First Author: S.Ganesan INDIA

Co Author(s):    V. khetan   T. Sharma               0   0 0   0 0   0 0   0 0

Abstract Details


To report two cases of intraocular infection presenting with clinical, sonographical and MRI features of advanced Retinoblastoma


Tertiary hospital


Retrospective analysis of case records and review of the histopathology of two patients of intraocular infection presenting as retinoblastoma


Case 1 A 4½-year-old boy presented with leucocoria. Examination revealed circumciliary congestion, corneal odema, neovascularisation of iris, ectropion uveae and retrolental yellowish white reflex with intraocular pressure of 52 mm Hg . Sonography revealed moderate reflective ill defined mass lesion with specks of high reflective clump echoes with total retinal detachment . MRI showed T2 hypointense intraocular mass along detached retinal leaflets. After enucleation, histologic examination revealed caseating granulomatous inflammation . PCR for MTb on paraffin section was positive.
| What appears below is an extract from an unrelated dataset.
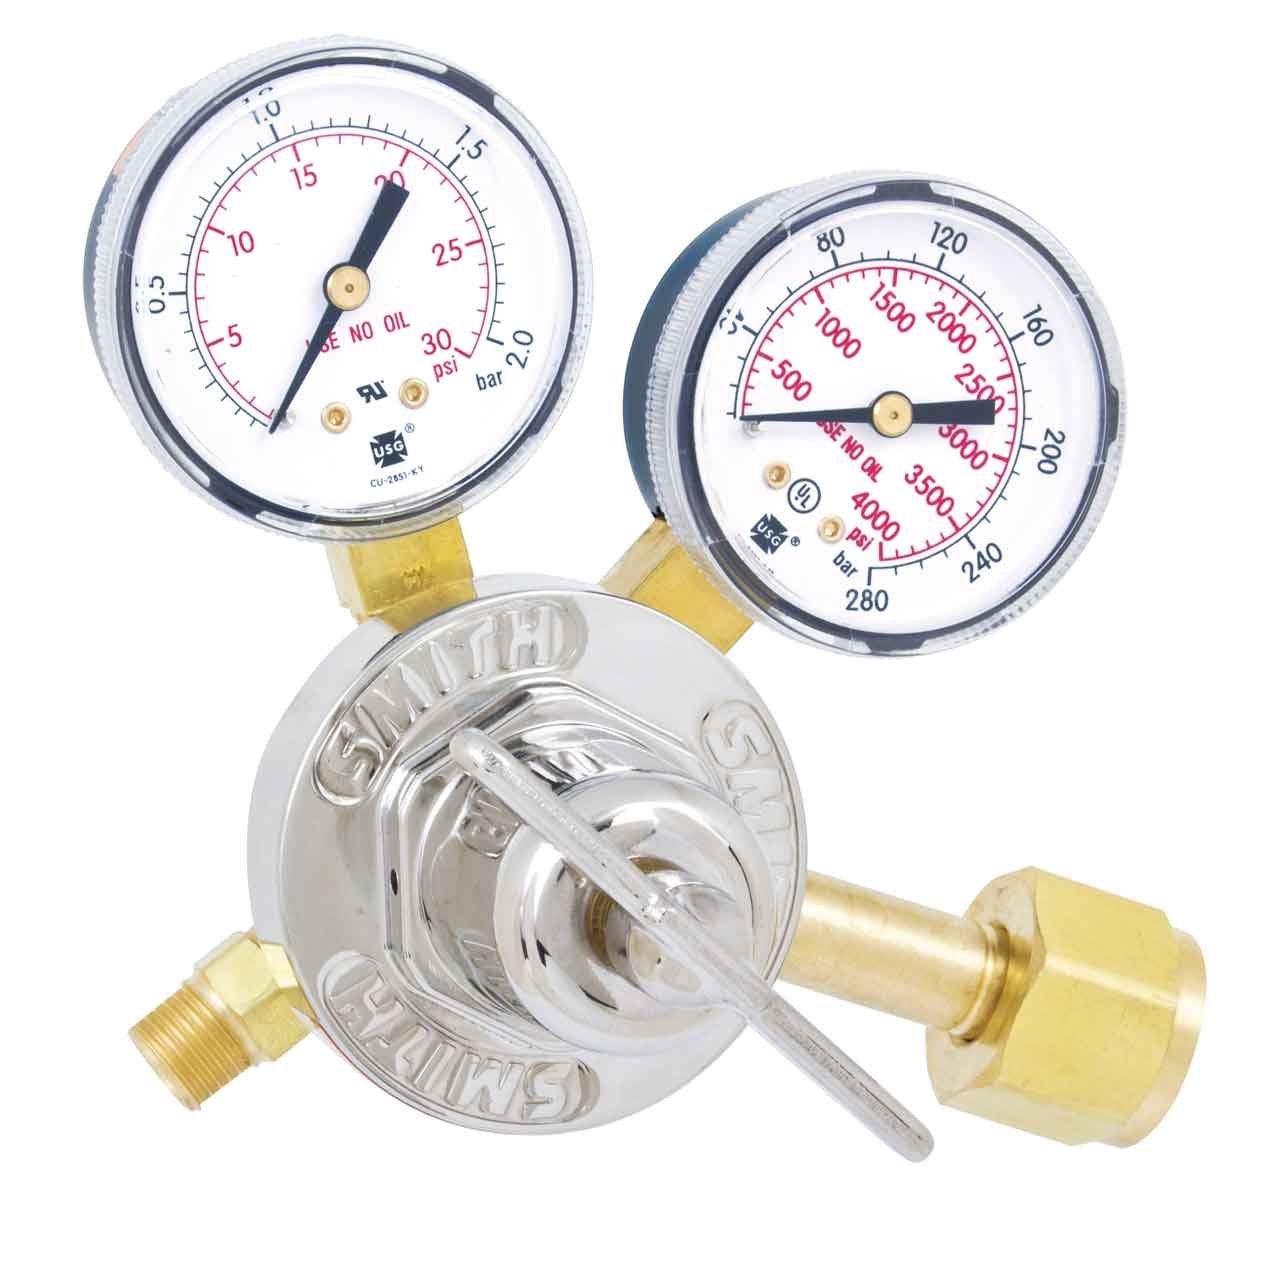 Oxygen Regulator Low Pressure for Oxy-Acetylene Welding by Miller Electric

Antituberculous treatment was started Case 2 A 4 -year-old boy presented with leucocoria . Examination revealed fibrin, pigments on lens capsule and retolental white reflex with IOP of 40mmhg. Sonography revealed total retinal detachment with thickened leaflets with plenty of subretinal echoes. MRI showed irregular T2 hypointense intraocular lesion displaying intermediate signal in T1W1 with restricted diffusion measuring 13.3mm X 9.6mm. Histologic examination after enucleation was suggestive of severe intraocular inflammation. Systemic evaluation was normal


Diagnostic differentiation of advanced stages of Retinoblastoma from other masquerader’s is a never ending challenge for ophthalmologists and radiologists. Intraocular infection can present like advanced retinoblastoma. Retinoblastoma being an invasive disease and a privileged tumor one has to resort to end stage procedures like enucleation and histopathology to clinch the diagnosis. Need for diagnostic differentiation to permit maximum ocular salvage and to minimize mortality is crucial.